Горе-счастье, счастье-горе,
Увези меня на море,
Унеси меня в траву,
Чтобы сниться наяву…
Чтобы сны ловить сачками,
Нежно стукаться очками,
Чтоб на море иль в траве
Жизнь одну прожить, как две.

- Ты случайно не знаешь, почему я начинаю к тебе стремиться, как только отойду на пару шагов? - потерянно спросил Рома.
- Да просто ты любишь меня!

На осознание этой крамольной мысли глубоко женатый Рома Лелянов потратил два года. Неизбывная разлука пахла тоской и одиночеством, лишала интереса к жизни, множила морщины и лишние килограммы. Однако неожиданная встреча на Пасху, тщательно спланированная в небесной лаборатории псевдослучайностей, расставила все точки над "и".

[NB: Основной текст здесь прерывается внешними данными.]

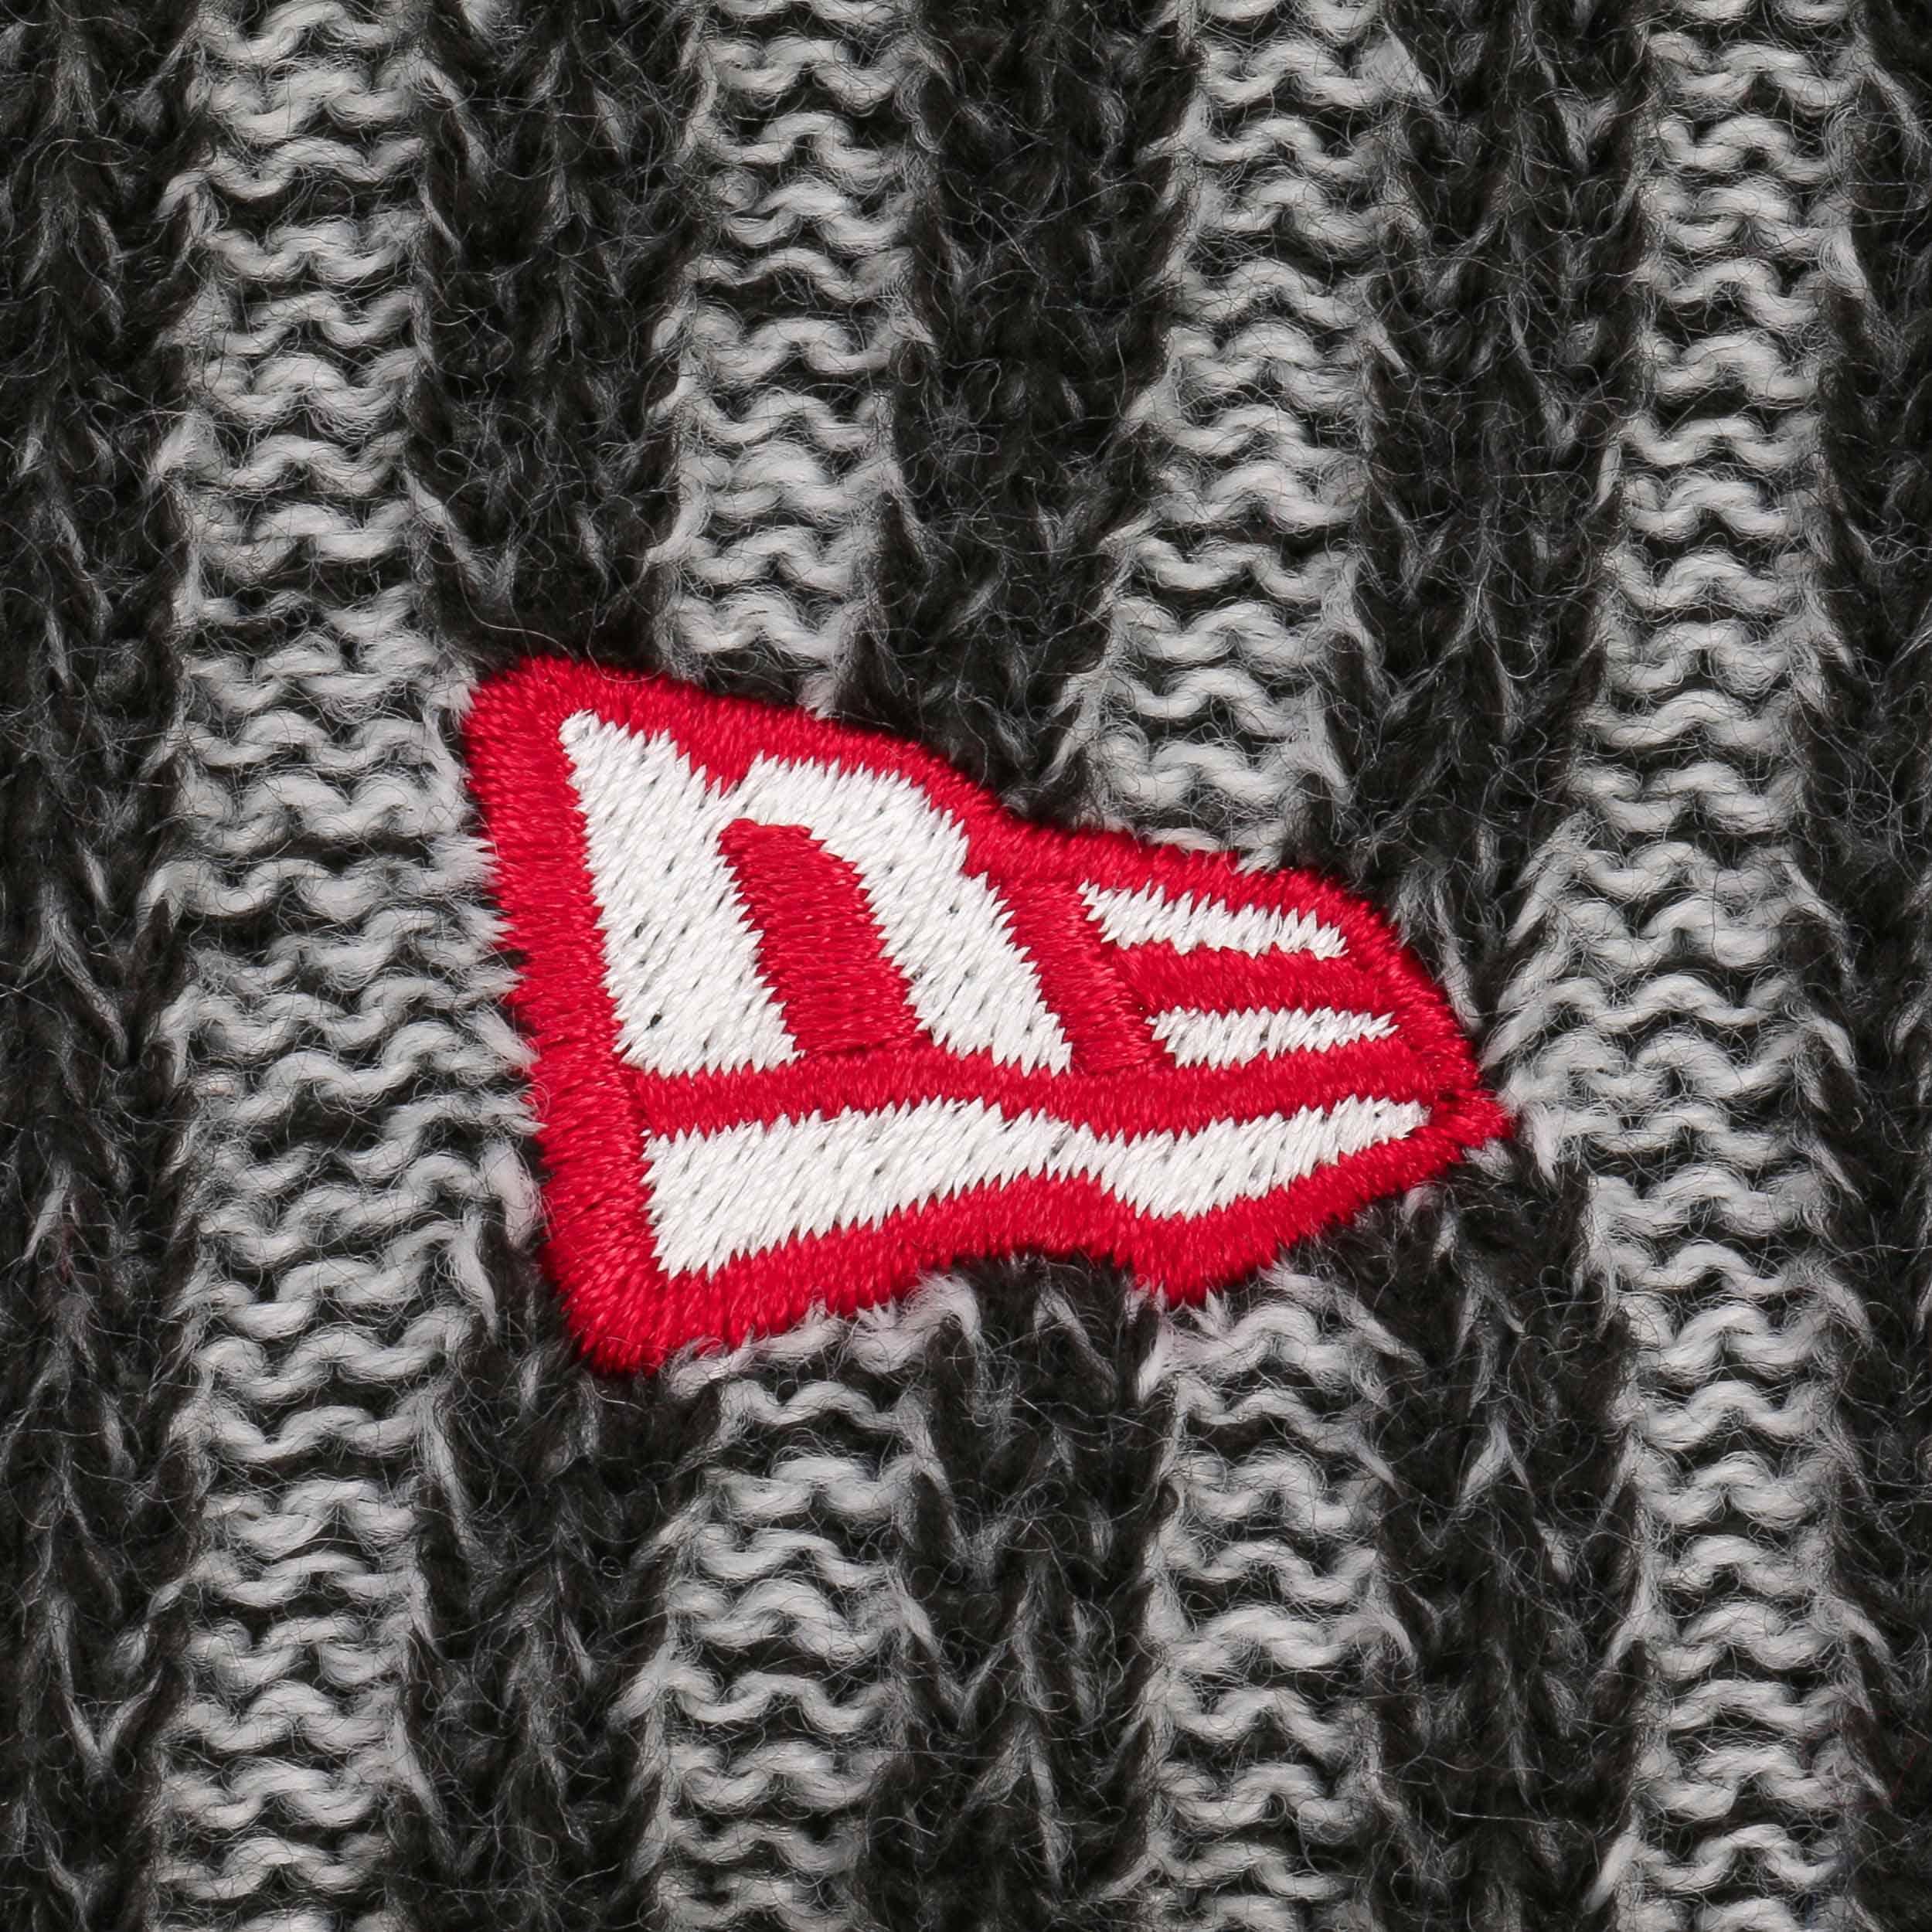 Gorro Beanie NFL Falcons by New Era - Gorros - sombreroshop.es 83cb7ab9a5e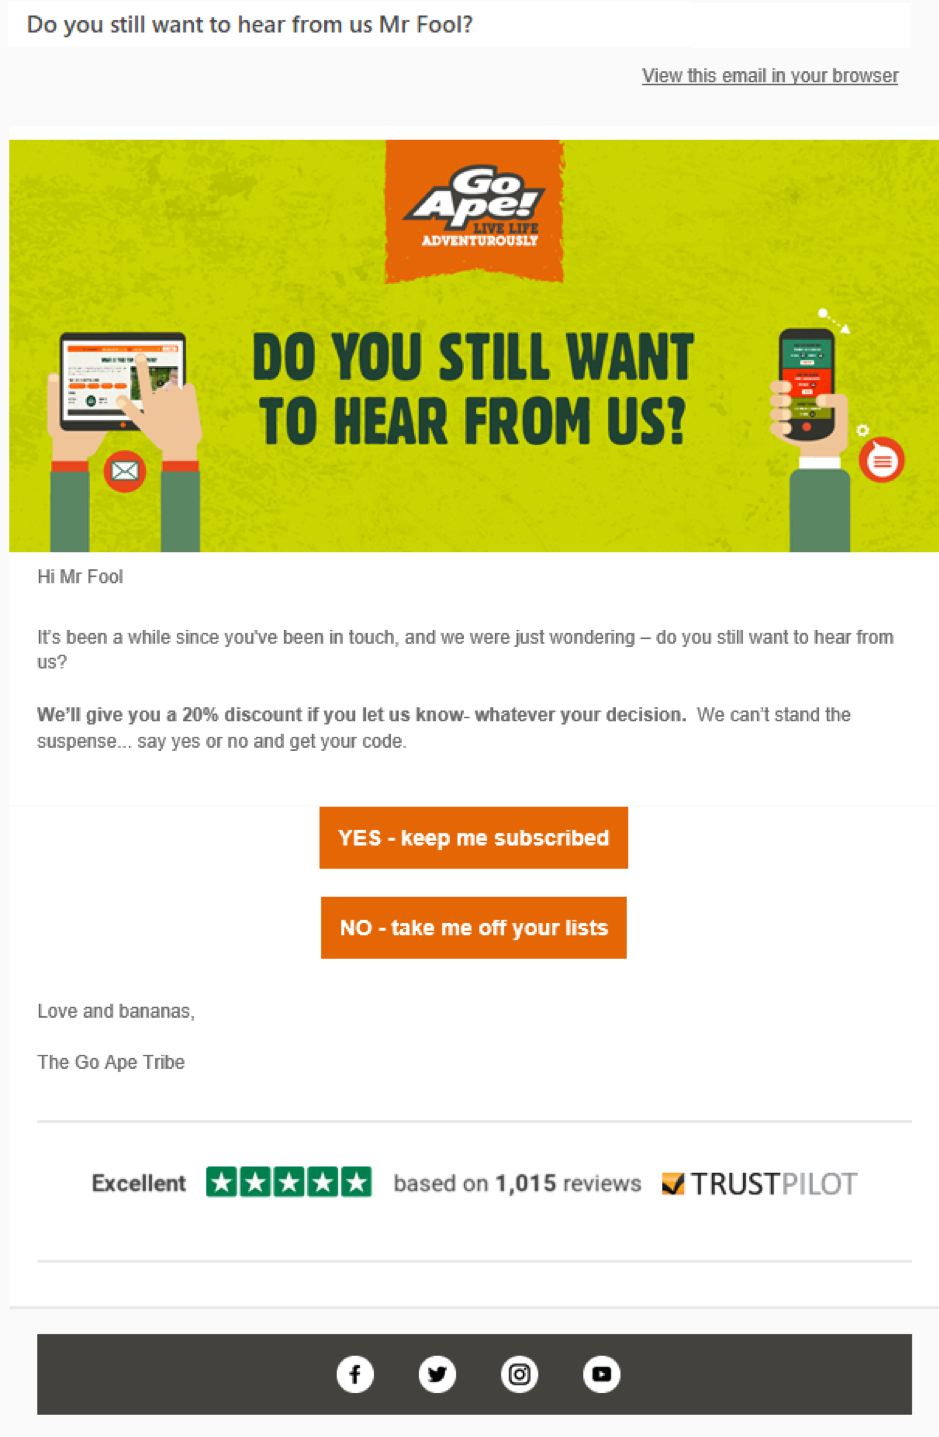 Go Ape email di marketing

Первым шокирующую новость прокомментировал Марк Ицков:
- Симочка, дорогая, я так рад, что ты наконец встретила своего человека! Мне открылось, что вы по-настоящему хорошая пара. Однако на правах лучшего друга я прошу телефончик твоего возлюбленного...
- Зачем?
- А чтобы убедиться в серьезности его чувств. Близкие к Богу люди сказали, что он и раньше ухаживал за другими "сестрами", дарил им цветы и подарки...
- Ухаживал? За другими сестрами?! - заорала Сима в телефонную трубку, задыхаясь от ярости. - Это враньё, Марк, в чем ты очень скоро убедишься. Лови Ромин номер.

На следующий день болезненно пунктуальный Роман Лелянов опоздал на свидание. За ужином он был немногословен, выглядел смущённым и почему-то отводил глаза. Сима с тревогой ждала пояснений.

- Твой друг детства битый час пытался спасти мою гибнущую душу, - мрачно сказал Рома. - Метал в меня цитатами. Убеждал вернуться к жене. Предлагал проверенного православного психолога. Под конец этот праведник перешёл к запрещённым приёмам.
- ???
- "Ты не можешь быть с Симой, потому что она не приняла Христа". Каков козырь, а? Ты ведь делилась с ним когда-то своими сомнениями?
- Это было давно, и мне так нужна была поддержка по-настоящему близкого человека...
- Прости, не хотелось тебя расстраивать. Ещё спагетти?